* _WORK TO BE COMPLETED_
Copy task, pictures excluded: set down exactly the lines from the one containing "Sheryl Sandberg, COO" to the end of the data below.

Records from a collection
---*---
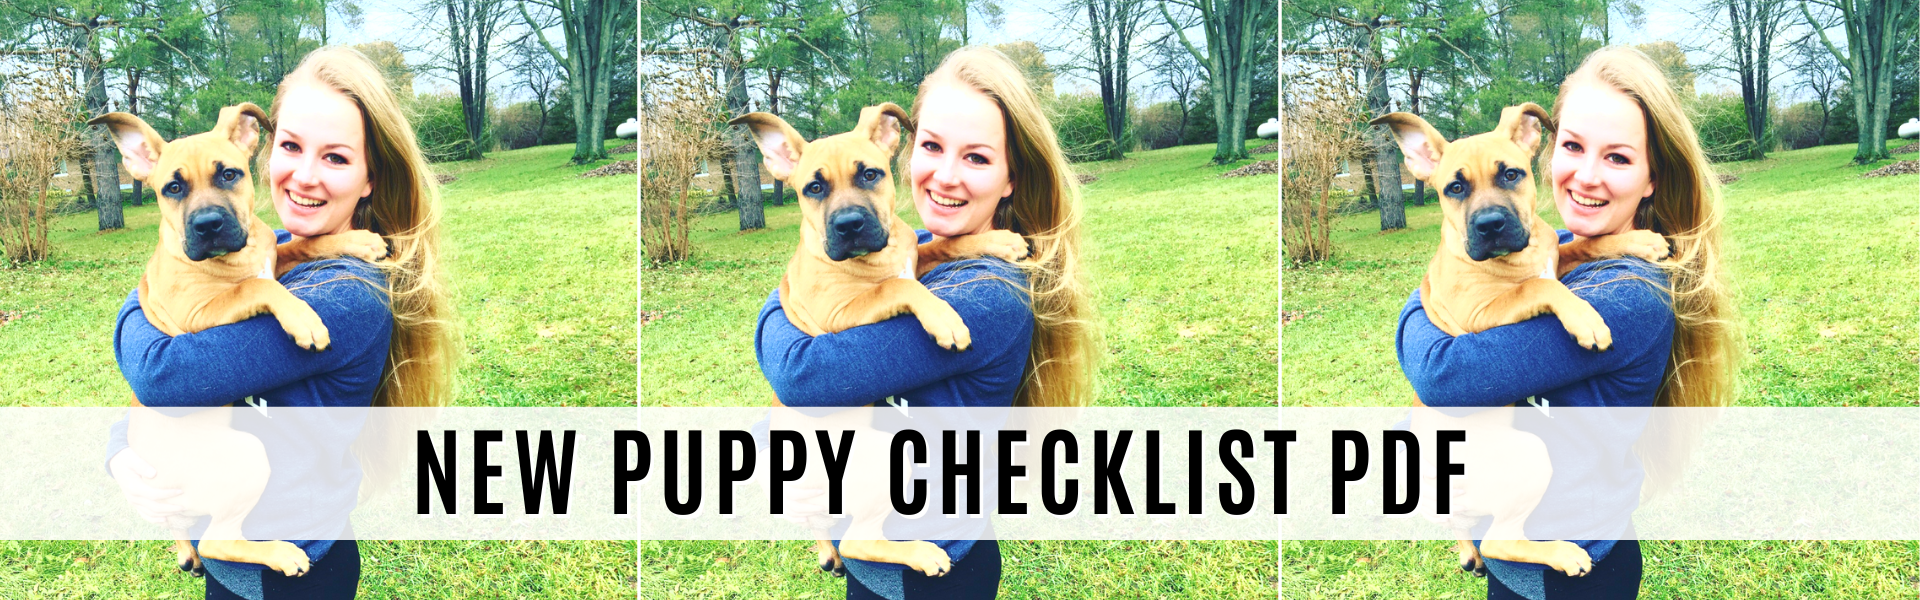 new puppy checklist pdf
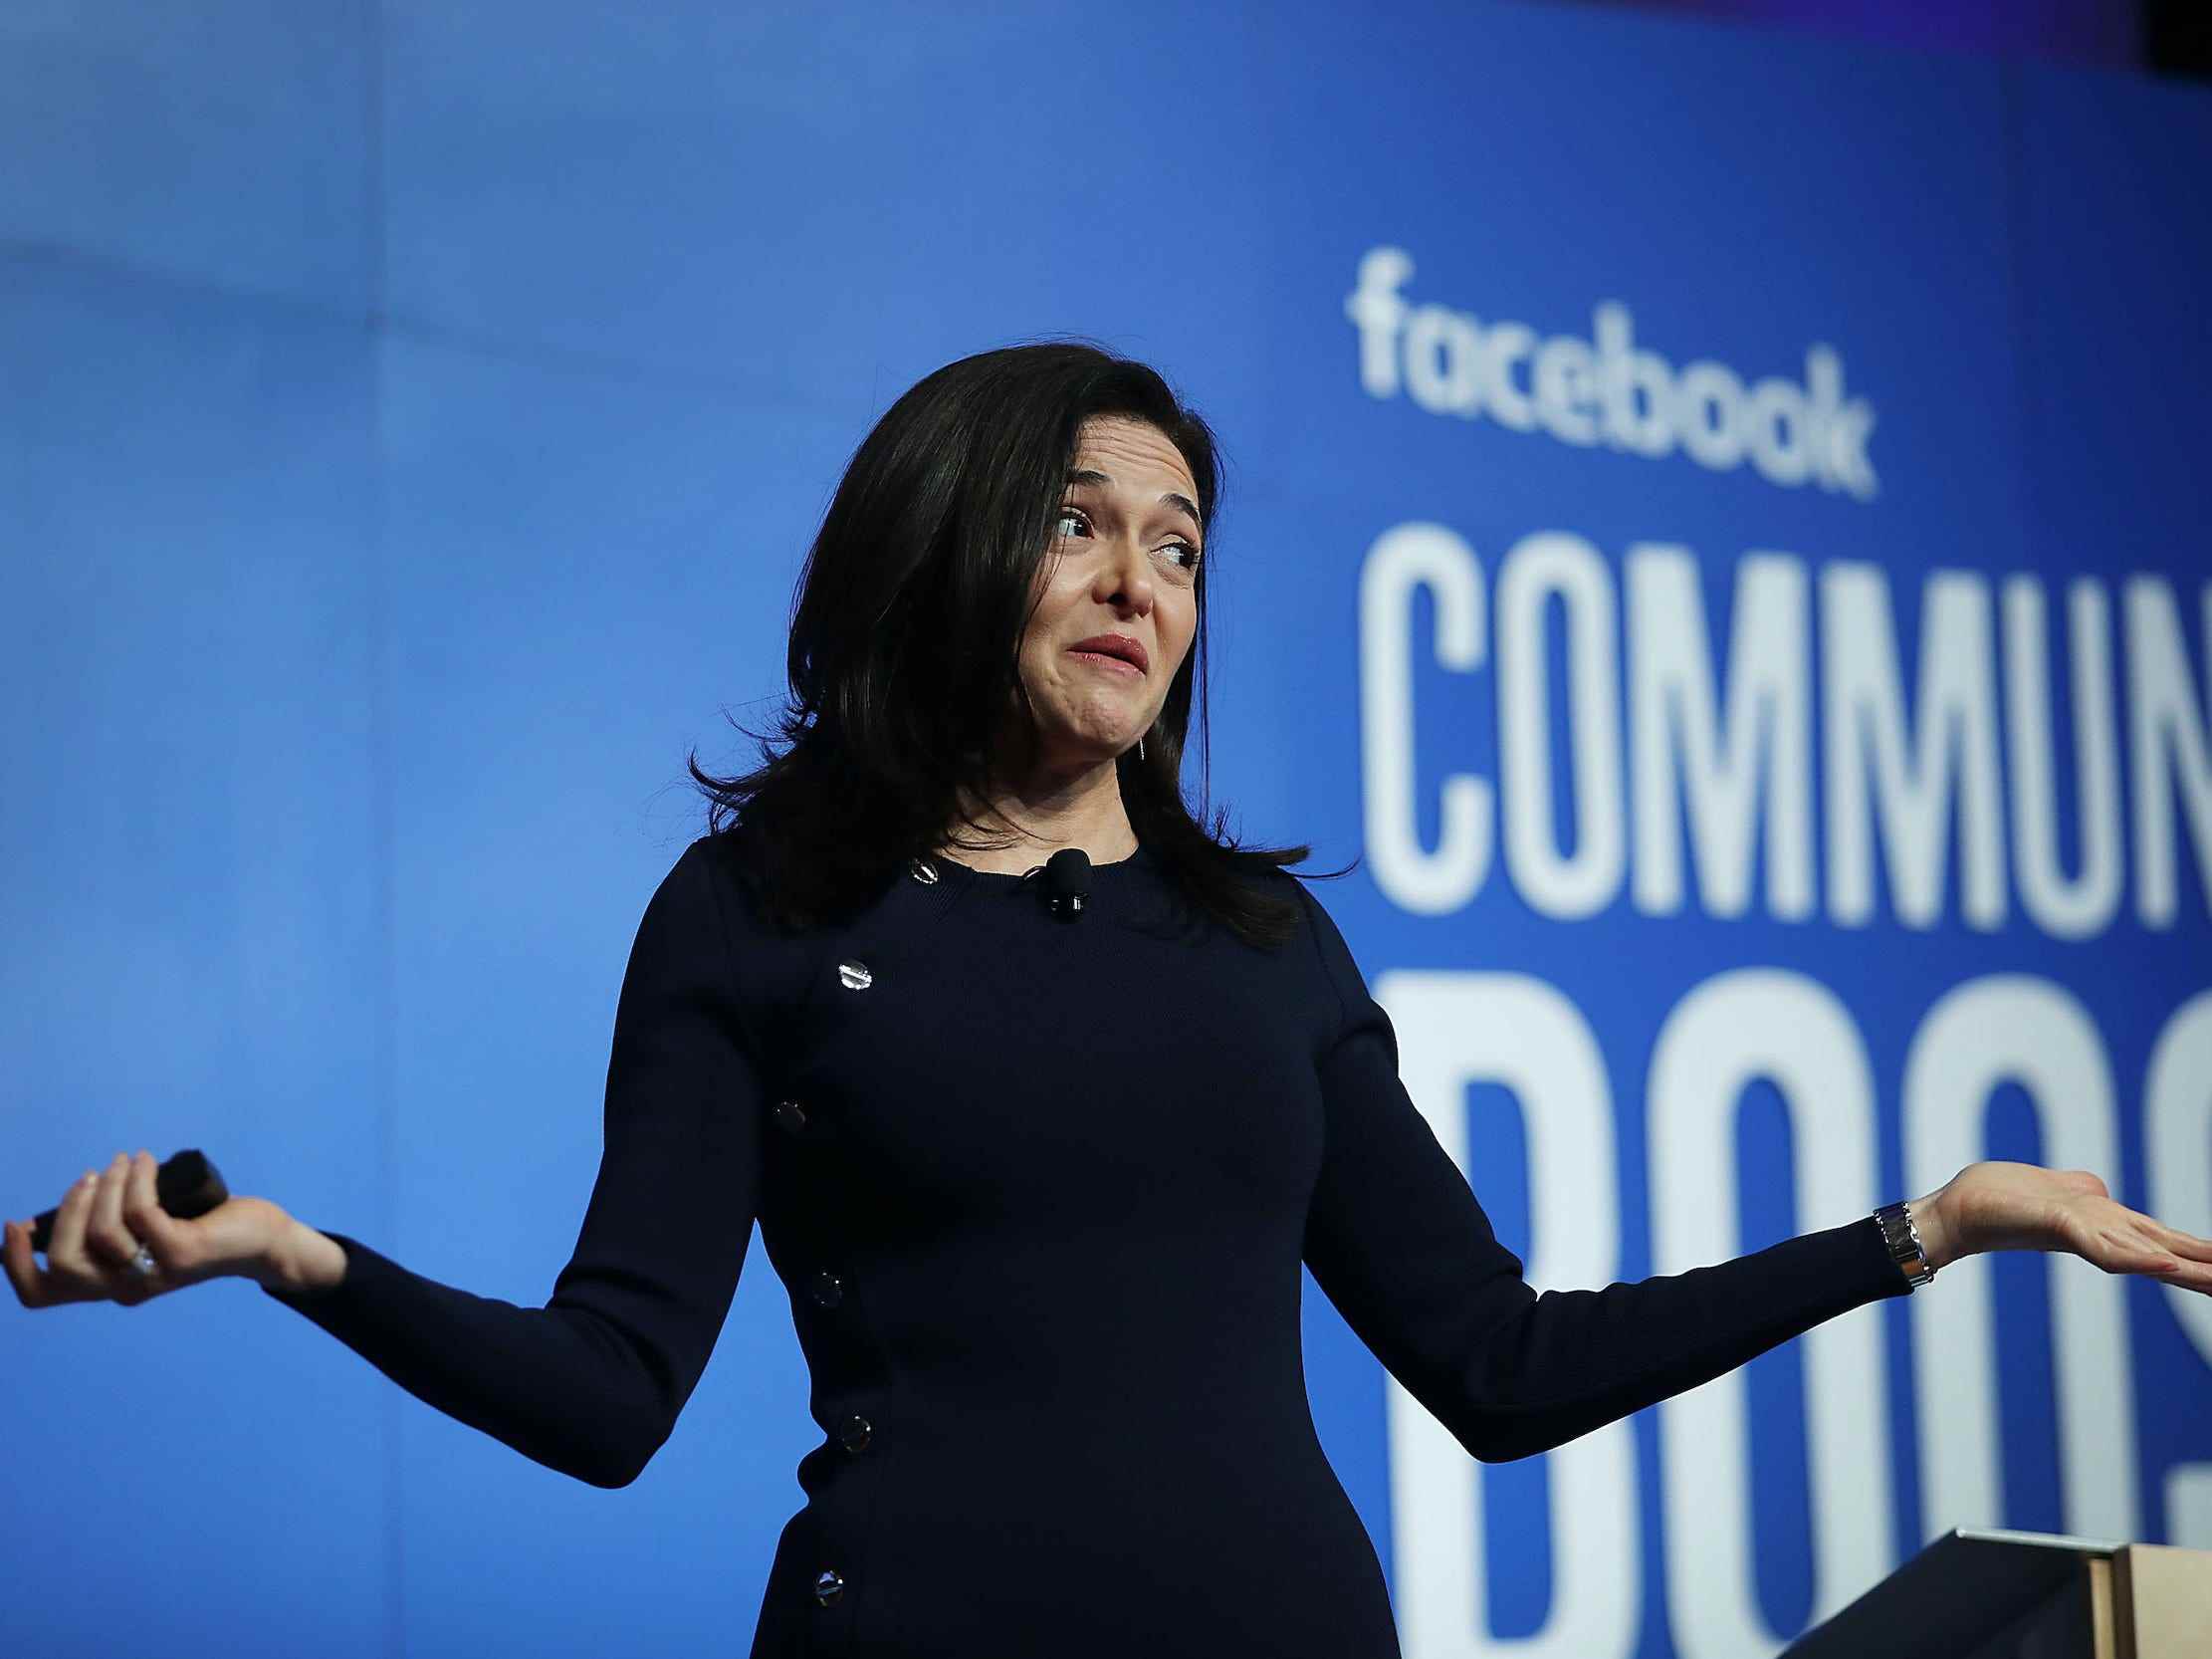 Sheryl Sandberg, COO von Meta, zuckt mit den Schultern, als sie bei einer Facebook-Veranstaltung auf der Bühne steht
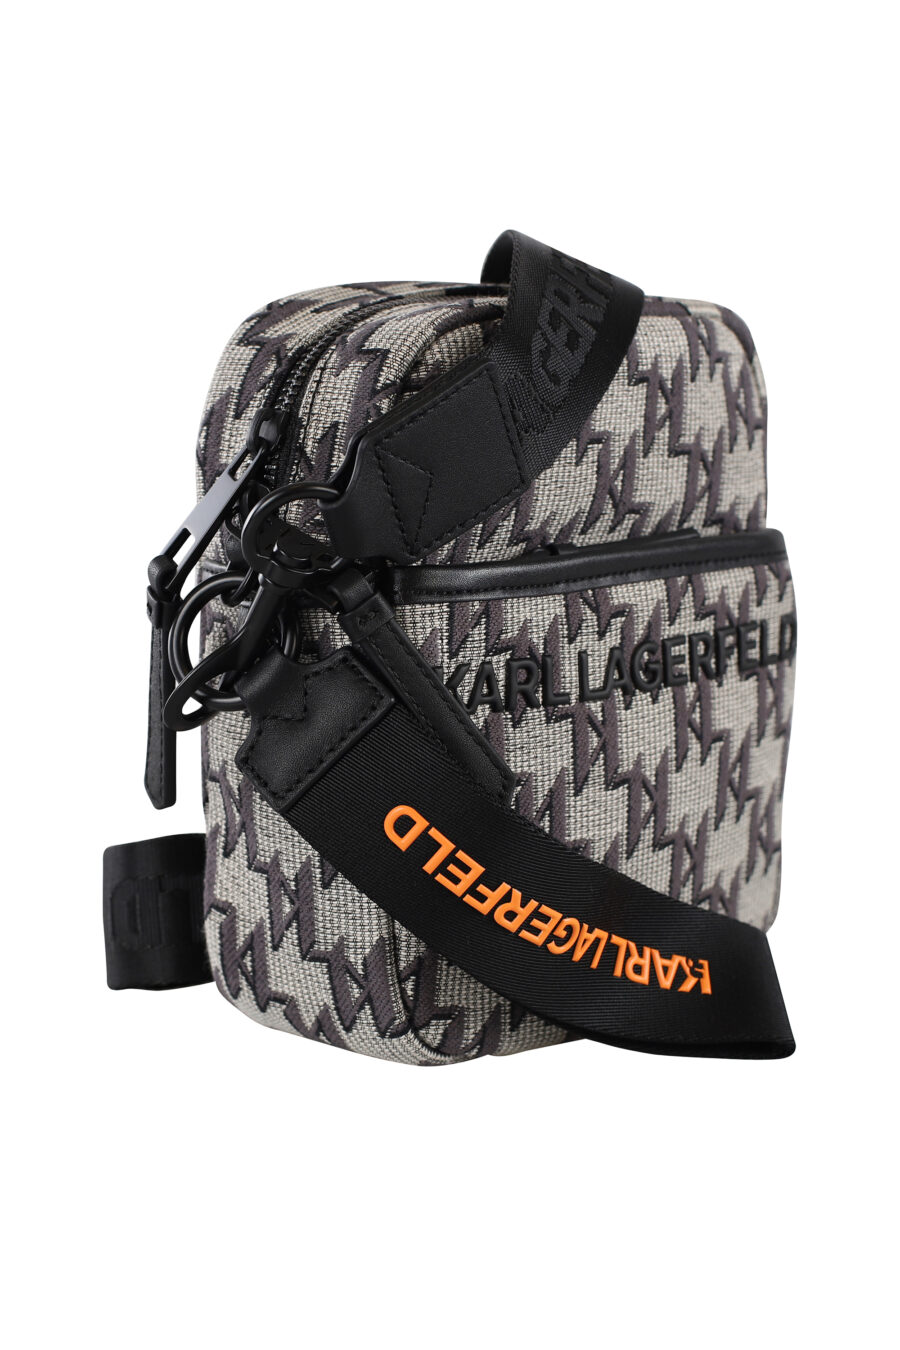 Shoulder bag with monogram logo - IMG 6929
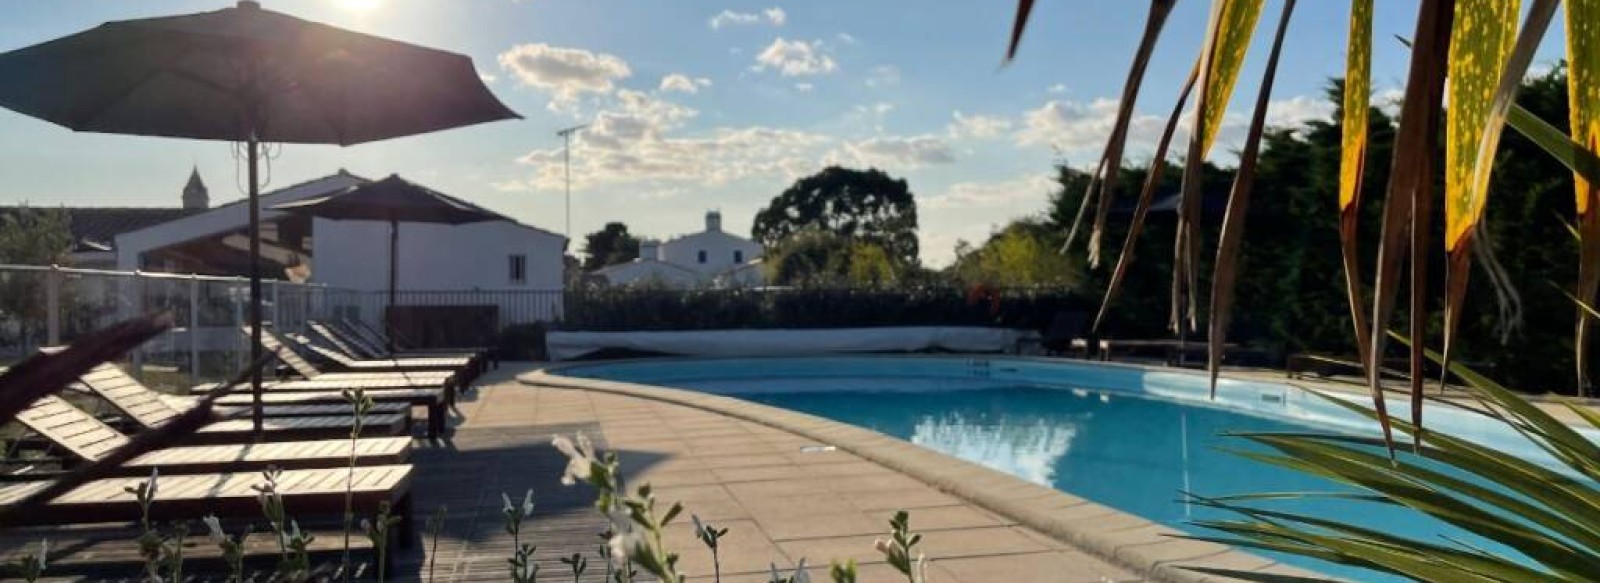 Maison de vacances dans residence avec piscine a deux pas du centre de Noirmoutier ne l'ile
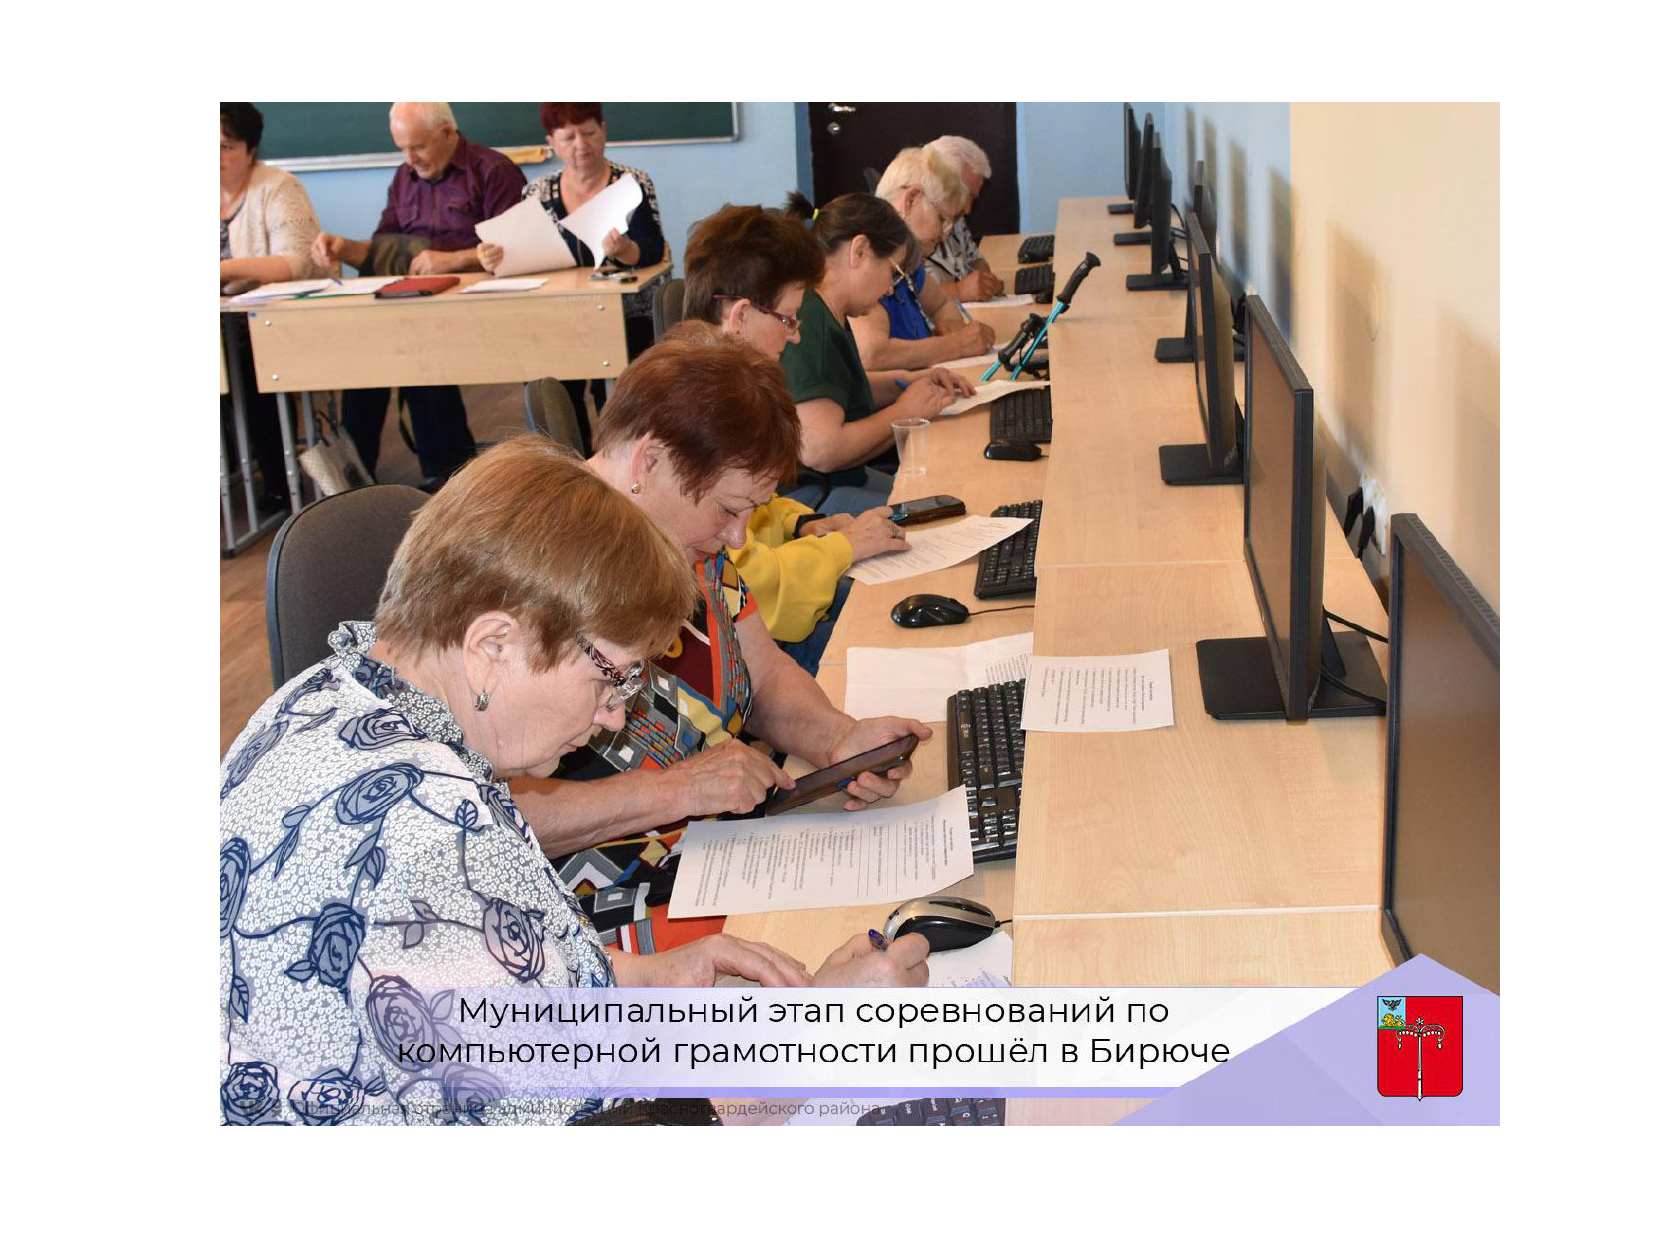 Муниципальный этап соревнований по компьютерной грамотности прошёл в Бирюче.
---*---
* _SOLUTION FOR THIS TASK_
 Sheryl Sandberg, COO von Meta, zuckt mit den Schultern, als sie bei einer Facebook-Veranstaltung auf der Bühne steht
 Shoulder bag with monogram logo - IMG 6929
 Maison de vacances dans residence avec piscine a deux pas du centre de Noirmoutier ne l'ile
 Муниципальный этап соревнований по компьютерной грамотности прошёл в Бирюче.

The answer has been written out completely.